More specifically, in Sect. 2, we give a basic introduction to orthopairs and orthopartitions. In Sect. 3 the basic methods are introduced, that is: in Sect. 3.1, we define our approach to convert any classifier into a three–way classification algorithm, both in the binary and multi–class settings, providing also a theoretical–algorithmic analysis of these frameworks; in Sects. 3.2 and 3.3, we describe the strategies to directly implement three–way classification for three popular learning models (i.e., Decision Trees, Random Forests and Convex Learning via Gradient Descent). In Sect. 4.1, we illustrate the setting of the empirical analysis we conducted in order to compare traditional learning algorithms with three–way ones. In Sect. 4.2, we present the results of the conducted experiments, considering the advantages offered by three–way classification algorithms and evaluating the effect of abstention with respect to their performance, supporting our analysis with standard statistical validation techniques. Finally, in Sect. 5 we present our conclusions and outline the set of open problems and issues that we plan to investigate in our future works.

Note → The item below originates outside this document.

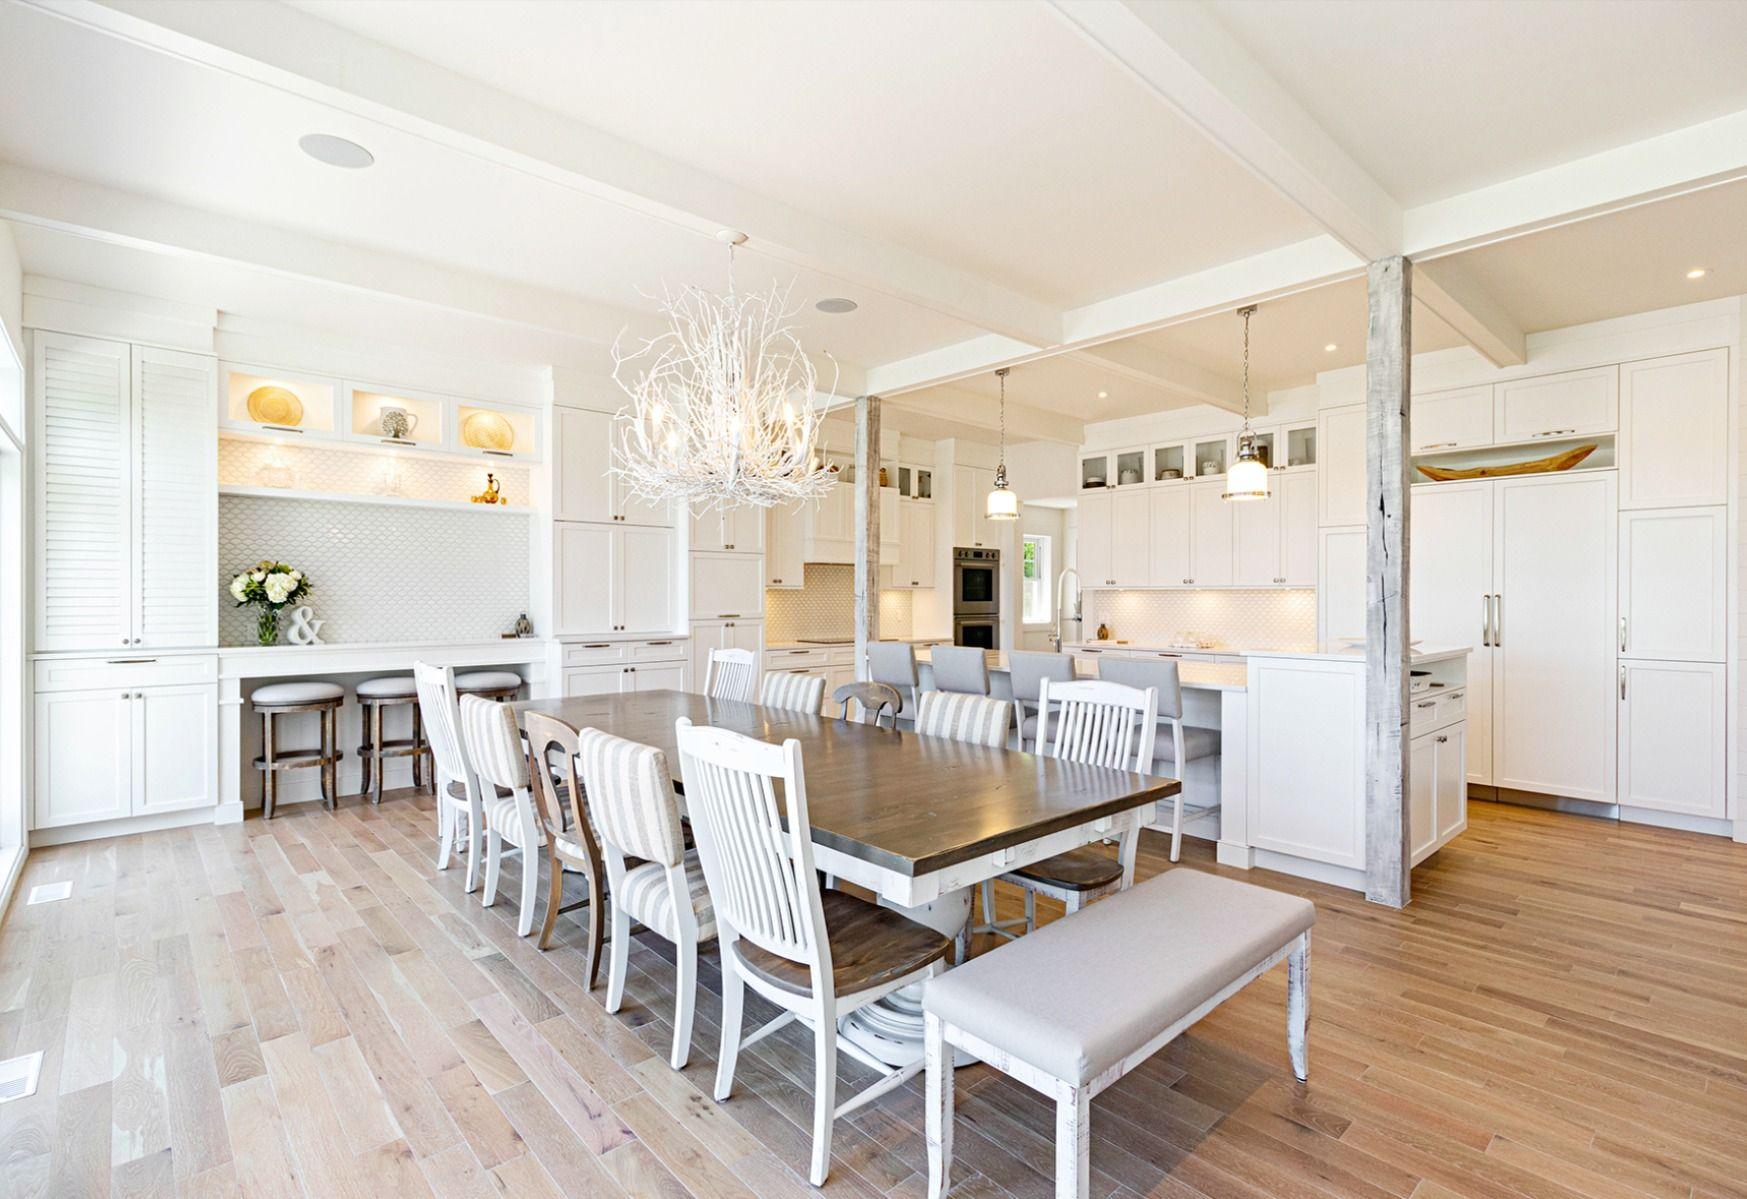 Cuisine Blanche Classique In 2020 Home Home Decor Design

2 Orthopairs and Orthopartitions

Let us recall some basic notions on orthopairs and orthopartitions [6, 10].

Let U be a set of objects, an orthopair is a pair $O = \langle P, N \rangle $ of subsets of U such that $P \cap N = \emptyset $. From these two sets we can also define the boundary as $Bnd = (P \cup N)^c$. Note that we could take an orthopair as a partially specified set which expresses our (incomplete) knowledge about the assignment of objects in a universe to a certain concept class; in this case, set P represents the positive examples for the concept while N represents the negative ones. We say that a set S is consistent with an orthopair O if it holds that:

$$x \in P \rightarrow x \in S \wedge x \in N \rightarrow x \notin S$$

That is, if we interpret the orthopair O as a partially specified set expressing our degree of knowledge about the belonging (or not) of certain objects to a set, S is coherent with our partial knowledge.

We say that two orthopairs $O_1, O_2$ are disjoint if it holds that:

(Ax D1)
$P_1 \cap P_2 = \emptyset $;
(Ax D2)
$P_1 \cap Bnd_2 = \emptyset $ and $Bnd_1 \cap P_2 = \emptyset $.

Definition 1

An orthopartition is a set $\mathcal {O} = \lbrace O_1 , ..., O_n \rbrace $ of orthopairs such that the following axioms hold:

(Ax O1)
$\forall O_i, O_j \in \mathcal {O}$ $O_i, O_j$ are disjoint;
(Ax O2)
$\bigcup _i (P_i \cup Bnd_i) = U$;
(Ax O3)
$\forall x \in U$ ($\exists O_i \text {s.t.} x \in Bnd_i) \rightarrow (\exists O_j$ with $i \ne j$ s.t. $x \in Bnd_j)$;
(Ax O4)
$|\mathcal {O}| \le |U|$

It can be observed that an orthopartition represents a partial classification, or a classification with abstentions (in a multi–class setting): the objects in the boundaries represent those objects whose class assignment is not precisely known (given the available evidence and, hence, the presence of ambiguity).

Definition 2

A partition $\pi $ is consistent with an orthopartition $\mathcal {O}$ iff $\forall O_i \in \mathcal {O}, \,\exists ! \, S_i \in \pi $ such that $S_i$ is consistent with $O_i$. We denote with $\varPi _{\mathcal {O}}$ the set of all partitions consistent with $\mathcal {O}$: $\varPi _{\mathcal {O}} = \lbrace \pi | \pi $ is consistent with $\mathcal {O} \rbrace $.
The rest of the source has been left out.